Resigned to his fate, "BOB" made no resistance. Still, he had to ask: "Where is this train going?"

Nunoz stopped and gave "BOB" an odd look, as though it was either a very stupid or a very intelligent question. He relaxed his grip ever so slightly. "Thees train? Thees train ees bound for Nowhere, Senor "BOB"!"

"I thought for sure you'd say 'Yucatan,' " "BOB" replied grimly.

Nunoz threw back his head and laughed long and loud. "A ha ha ha ha ha ha ha ha ha! A ha ha ha ha ha ha! You are a very funny fellow, Senor "BOB"! A very funny fellow indeed! A ha ha ha ha ha ha!" Nunoz gained control of himself with an effort and continued, his glowing red eyes fixed on "BOB" 's own: "But we will soon see who laughs last and loudest, will we not? There ees not much time left."

"Until what?" "BOB" asked, sensing that Nunoz referred to something other than his imminent and rash disposal over the rails of the caboose.

"Until eet ees over, of course!" Nunoz cried, his eyes sparkling with the mischievous delight of those who speak in riddles to those who truly want to learn the answers. He grew suddenly very serious. "Senor "BOB", I have warned you away from this path once before, and yet you have paid my warning no mind. I am hurt. Nevertheless, I will warn you once again, and request that you heed my words thees time: you can still turn around. There ees much you can do een thees life eef you but stray from the path you currently travel.

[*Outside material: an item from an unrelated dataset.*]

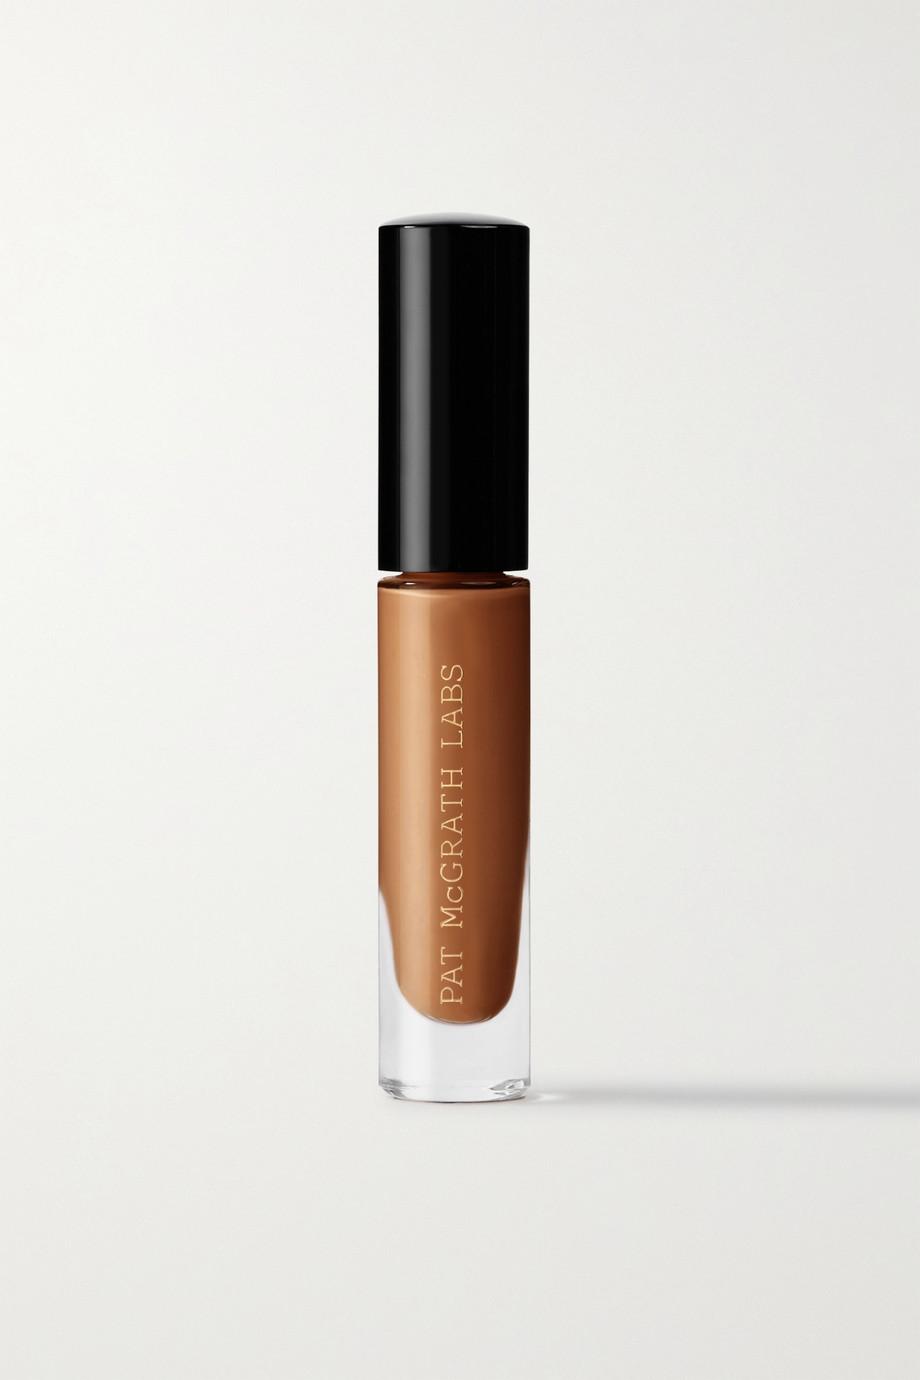 Pat McGrath Labs Skin Fetish: Sublime Perfection Concealer - MD26, 5ml
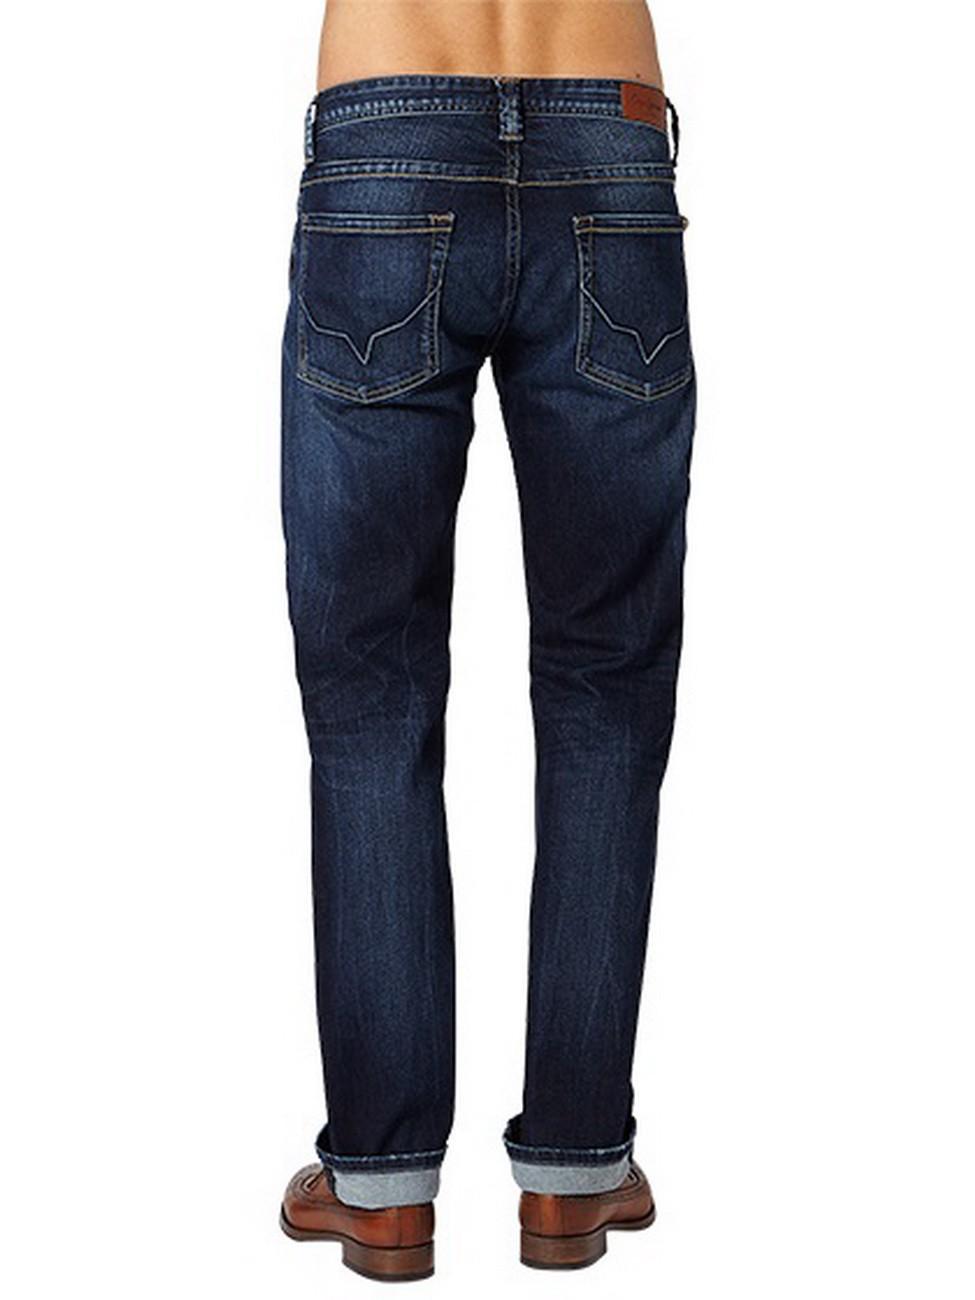 pepe jeans herren jeans pm200143z45 kingston zip regular fit dark blue ebay. Black Bedroom Furniture Sets. Home Design Ideas

"If you do not, well, I can make no promises, you see, but I can almost guarantee with 100% certainty that you will come to regret your decision. You do not understand what you are getting yourself into; the temptations that lie before you are too strong for a mere mortal; your perspective ees altogether too narrow to comprehend the magnitude of the forces involved here, forces you may soon find arrayed against you. Eef you are not very careful you will soon begin to believe that you are some kind of on some kind of moral crusade, like a knight seeking the Holy Grail, or some other Royal Nonesuch! Clearly you are a lucky man, and that is a good theeng, but if you keep trying to do right it will be your undoing!"

Clenching his pipe between his teeth, "BOB" remembered something Mother Dobbs always said. "I'd rather be lucky than right any day!" he cried defiantly.

"A ha ha ha! Well spoken, well said, Senor "BOB"! I admire you, really, I do! But come, eet ees your time." Nunoz tugged irresistably at his arm.

"Wait!" "BOB" cried desperately. "Answer me one last question!"

Nunoz sighed impatiently. "You are testing me, Senor "BOB"; I am becoming exasperated. Very well! What ees your question?"

"What is that sound, that buzzing, sawing sound?" "BOB" studied the Mexican's queer eyes.

"That sound? Why, that is the sound of you snoring, Senor "BOB"! A ha ha ha ha ha ha!" And with that, Nunoz flung "BOB" from the train.